Google Urbanism shares the key assumption of Blackstone Urbanism: our highly
financialised economy – marked by stagnating real wages, liberalised housing
markets that drive up prices due to persistently strong global demand,
infrastructure built on an opaque but highly lucrative public-private partnership
model – is here to stay. The supposedly good news is that Alphabet has the
sensors, networks and algorithms to restore and maintain our earlier standard of
living.
The Toronto proposal is still vague on who will pay for this urban utopia. It
acknowledges that “some of [the project’s] most impactful innovations are major
capital projects that will require large volumes of reliable offtake to be
financeable”. Short of that, it might become the urban equivalent of Tesla: a
venture propelled by infinite public subsidies that derive from collective
hallucination.
Alphabet’s appeal to investors lies in the modularity and plasticity of its spaces;
there is no function permanently assigned to any of their parts. Much like in the
early cybernetic utopias of eternally flexible and reconfigurable architecture,
there is no function permanently assigned to any of its parts.
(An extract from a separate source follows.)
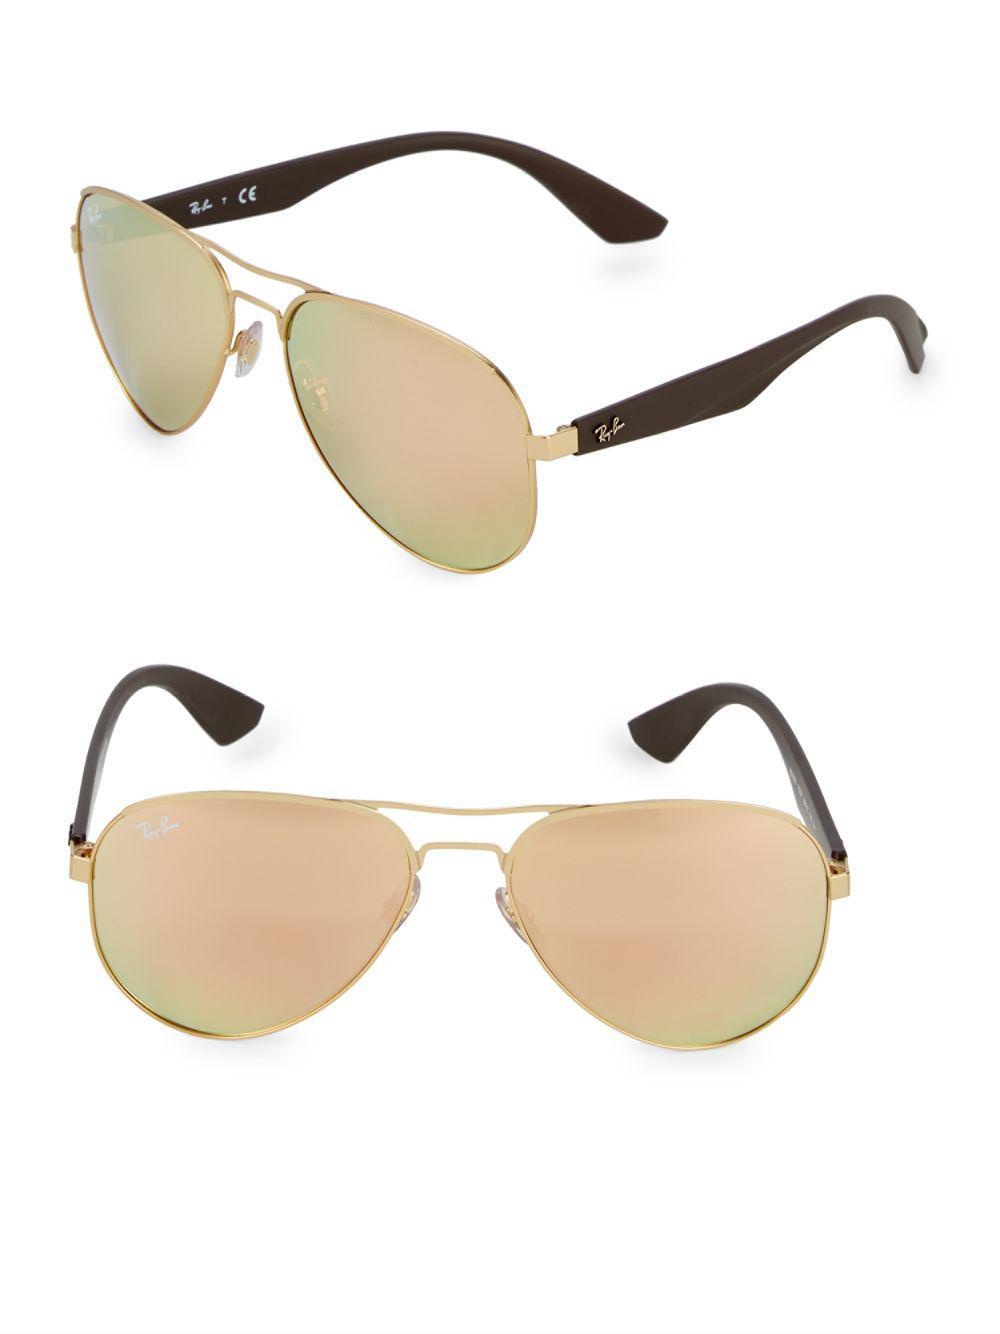 22faa489386 Lyst - Ray-Ban 59mm Aviator Sunglasses in Brown

Everything can be
reshuffled and rearranged, with boutiques turning into galleries only to end up as
gastropubs – as long as such digitally enabled metamorphosis yields a higher
return.
After all, Alphabet is building a city “where buildings have no static use”. For
example, the centrepiece of the proposed neighbourhood in Toronto – the Loft –
will offer a skeleton structure that “will remain flexible over the course of its
lifecycle, accommodating a radical mix of uses (such as residential, retail,
making, office, hospitality and parking) that can respond quickly to market
demand”.
Here lies the populist promise of Google Urbanism: Alphabet can democratise
space by customising it through data flows and cheap, prefabricated materials.
The problem is that Alphabet’s democratisation of function will not be matched
by the democratisation of control and ownership of urban resources. That’s why
the main “input” into Alphabet’s algorithmic democracy is “market demand”
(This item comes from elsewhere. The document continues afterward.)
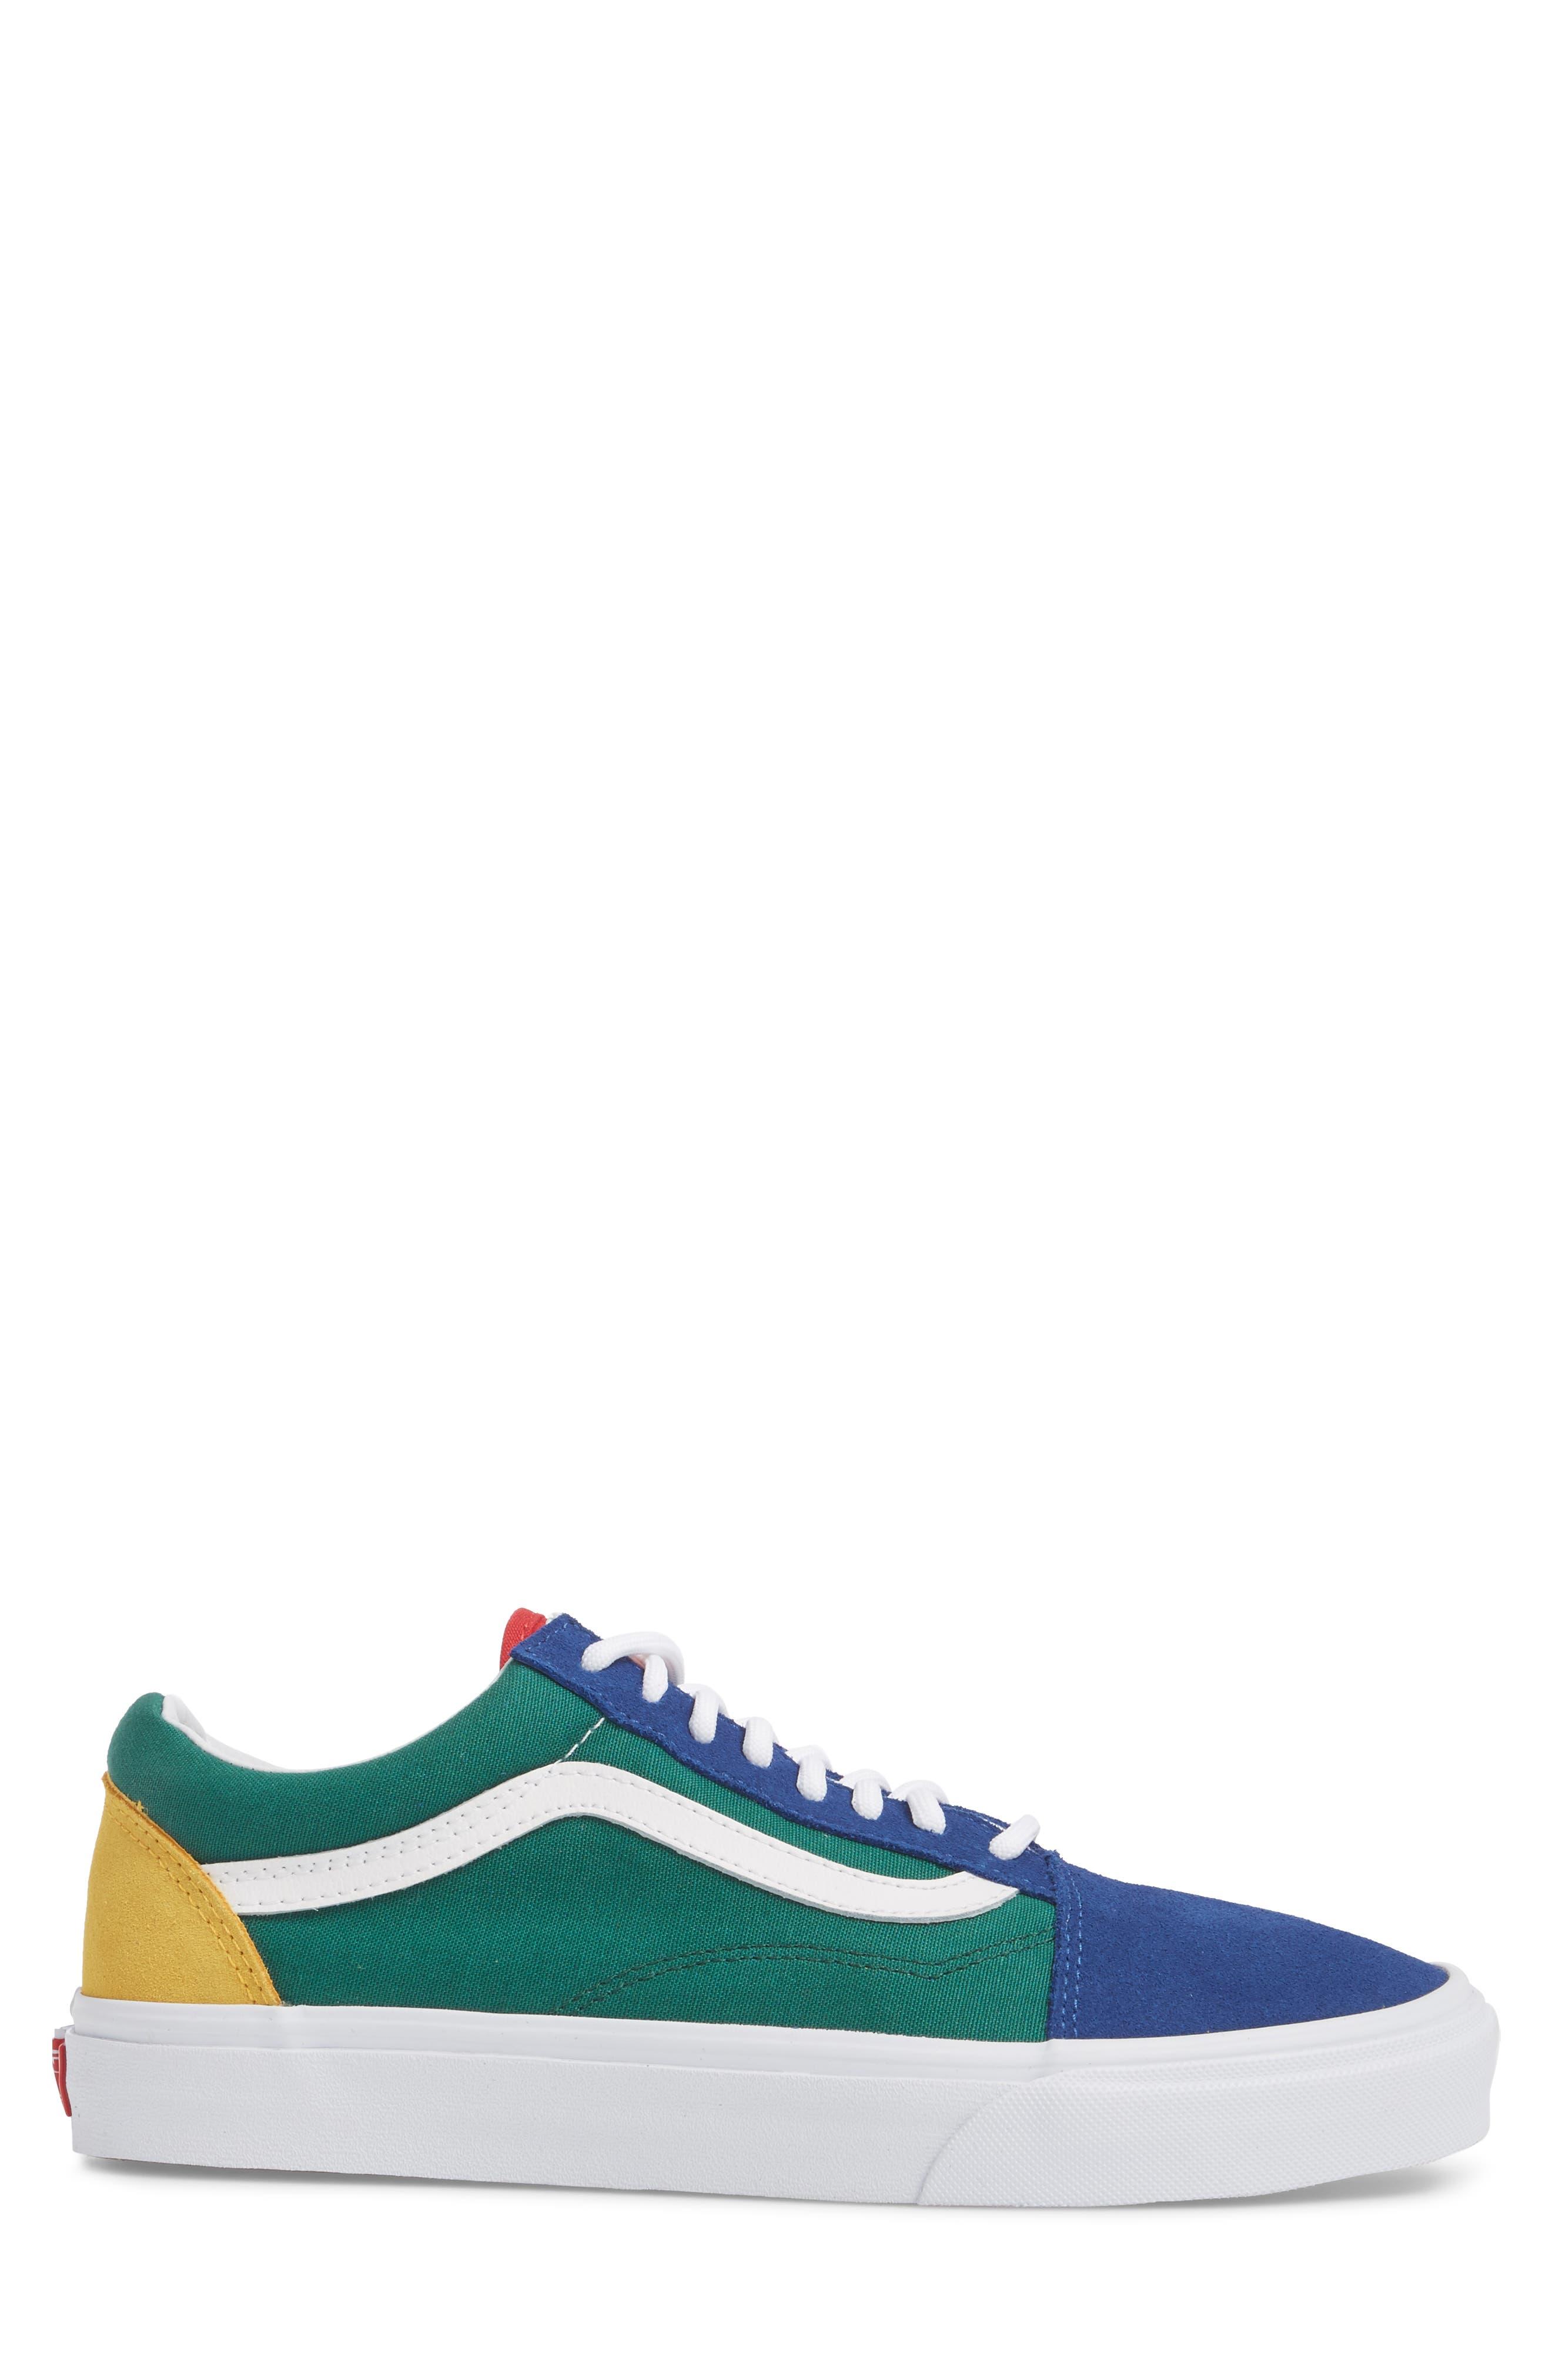 Yacht Club Old Skool Sneaker,                             Alternate thumbnail 3, color,                             300

rather than communal decision-making.
Aside from the institutional investors shopping for entire city blocks, Alphabet
understands the real audience for its cities: the global rich. For them, the
narratives of data-driven sustainability and algorithmically produced artisanal
lifestyles – Sidewalk Labs even promises “a next-gen bazaar” replenished by local
communities of makers – are just another way to justify rising values of their
property portfolios.
Alphabet’s urban turn also has a broader political significance. The courting of
Alphabet by Canada’s politicians along with the bidding war that has erupted
over Amazon’s second North American headquarters – some cities have offered it
incentives to the tune of $7bn to relocate there – suggest that, despite the
growing backlash against Silicon Valley, our political classes have few other
positive (and, as importantly, cash-positive) industries to draw upon.
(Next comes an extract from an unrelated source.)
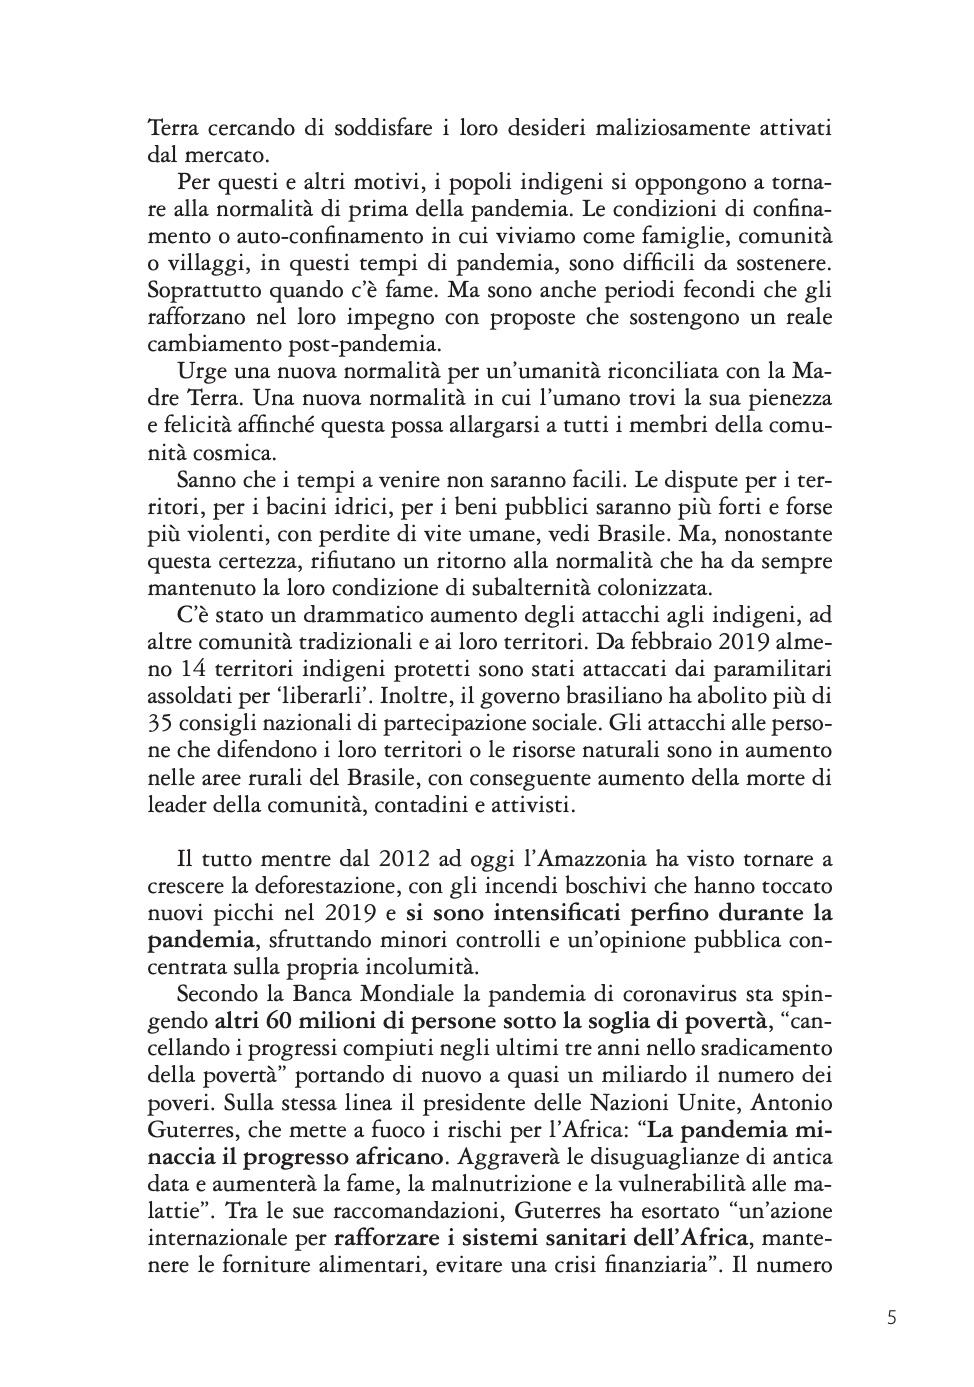 editoriale2.jpg

This is clearly the case with Canada’s prime minister, Justin Trudeau, who has
recently pitched his country as “a “Silicon Valley, plus everything else Canada is”.
In one respect, he is certainly right: it has been Canada’s pension funds that
turned real estate and infrastructure into the lucrative alternative assets they are
today.
Let us not have any illusions about Google Urbanism. One has to be naive to
believe that the emerging urban alliance of the technology and financial
industries would produce results detrimental to the latter. Blackstone Urbanism
will still be shaping our cities even if Alphabet takes over their garbage disposal.
“Google Urbanism” is a nice way of camouflage this truth.